Terzigno, “Oro e Mosaico”: il MATT rinnova il racconto del territorio

Terzigno. Riceviamo e pubblichiamo: “Oro e Mosaico. La nuova magnificenza del MATT”. 

Il Comune di Terzigno annuncia l’inaugurazione di “Oro e Mosaico. La nuova magnificenza del MATT”, il nuovo allestimento del Museo Archeologico Territoriale di Terzigno (MATT), in programma giovedì 18 dicembre 2025 alle ore 10.00, presso la sede museale di Corso Luigi Einaudi 69.

Un evento di grande rilevanza culturale e istituzionale che segna un ulteriore passo nel percorso di valorizzazione del patrimonio archeologico vesuviano e del ruolo del MATT come presidio culturale, scientifico e civile della comunità terzignese.

Il nuovo percorso espositivo mette al centro gli straordinari ori e argenti provenienti dalla Villa 2 di cava Ranieri, tra cui monili, oggetti da toeletta e preziosi manufatti che raccontano la vita, il gusto e la raffinatezza della società romana alle soglie dell’eruzione del 79 d.C., noti come “Il Tesoro di Terzigno” Accanto a questi capolavori, sarà esposto per la prima volta un prezioso mosaico proveniente dalla Villa 6, testimonianza di altissimo valore artistico e storico, che arricchisce ulteriormente il racconto del territorio e delle sue stratificazioni culturali.

L’iniziativa nasce da una sinergia istituzionale tra il Ministero della Cultura, il Parco Archeologico di Pompei, il Museo Archeologico Territoriale di Terzigno, il Parco nazionale del Vesuvio e il Comune di Terzigno, a conferma di come la collaborazione tra enti rappresenti una leva fondamentale per la tutela e la promozione del patrimonio culturale.

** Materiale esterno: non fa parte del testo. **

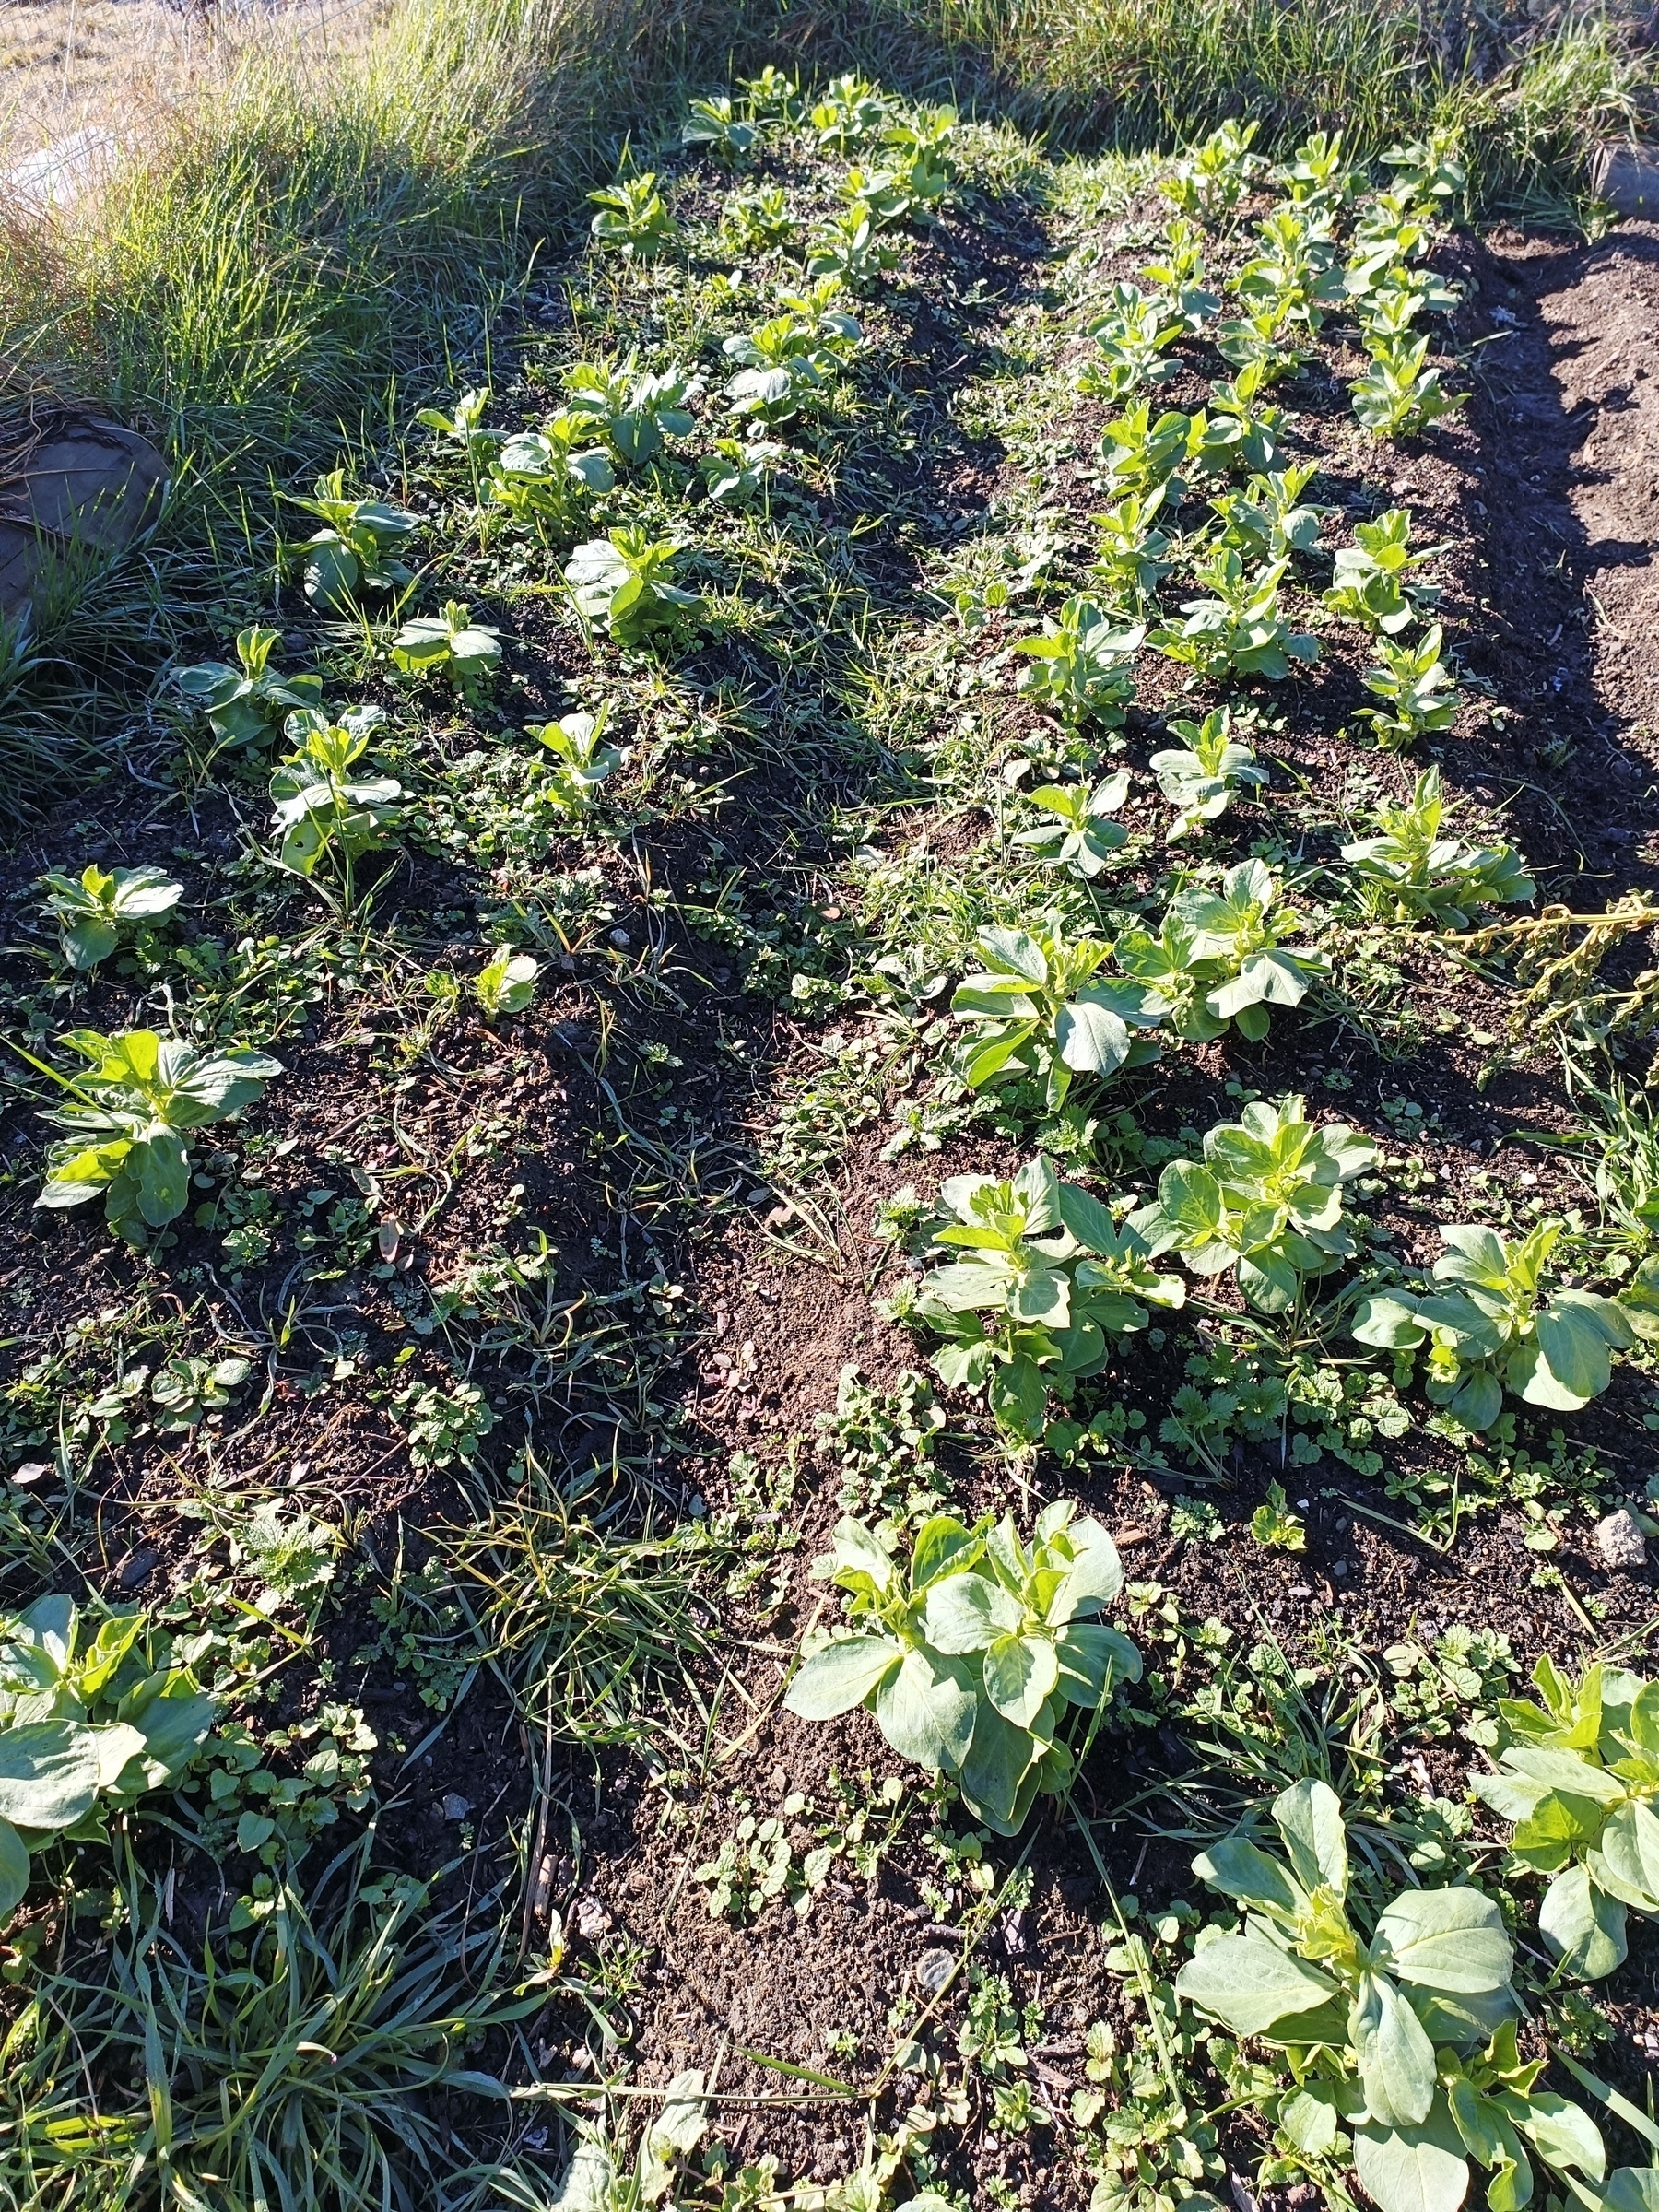 Two rows of broad beans.. and weeds

Nel corso della cerimonia inaugurale sono previsti gli interventi di:

Francesco Ranieri, sindaco di Terzigno

Genny Falciano, vicesindaco di Terzigno con delega alla cultura ai beni archeologici

Angelo Massa, direttore del museo Matta

Gen. Giovanni Capasso, direttore generale Grande Progetto Pompei

Paola Ricciardi, architetto Soprintendenza Archeologia Belle Arti e Paesaggio per l’Area Metropolitana di Napoli

Raffaele De Luca, presidente del Parco nazionale del Vesuvio

Gabriel Zuchtriegel, direttore del Parco Archeologico di Pompei

E altri rappresentanti dell’amministrazione comunale e delle istituzioni

«Con “Oro e Mosaico” – dichiara il sindaco Francesco Ranieri – il MATT si conferma non solo luogo di conservazione, ma spazio vivo di narrazione, conoscenza e partecipazione. Restituire questi reperti alla fruizione pubblica significa rafforzare il legame tra la comunità e la propria storia, offrendo alle nuove generazioni strumenti per riconoscersi nel valore della memoria e della bellezza».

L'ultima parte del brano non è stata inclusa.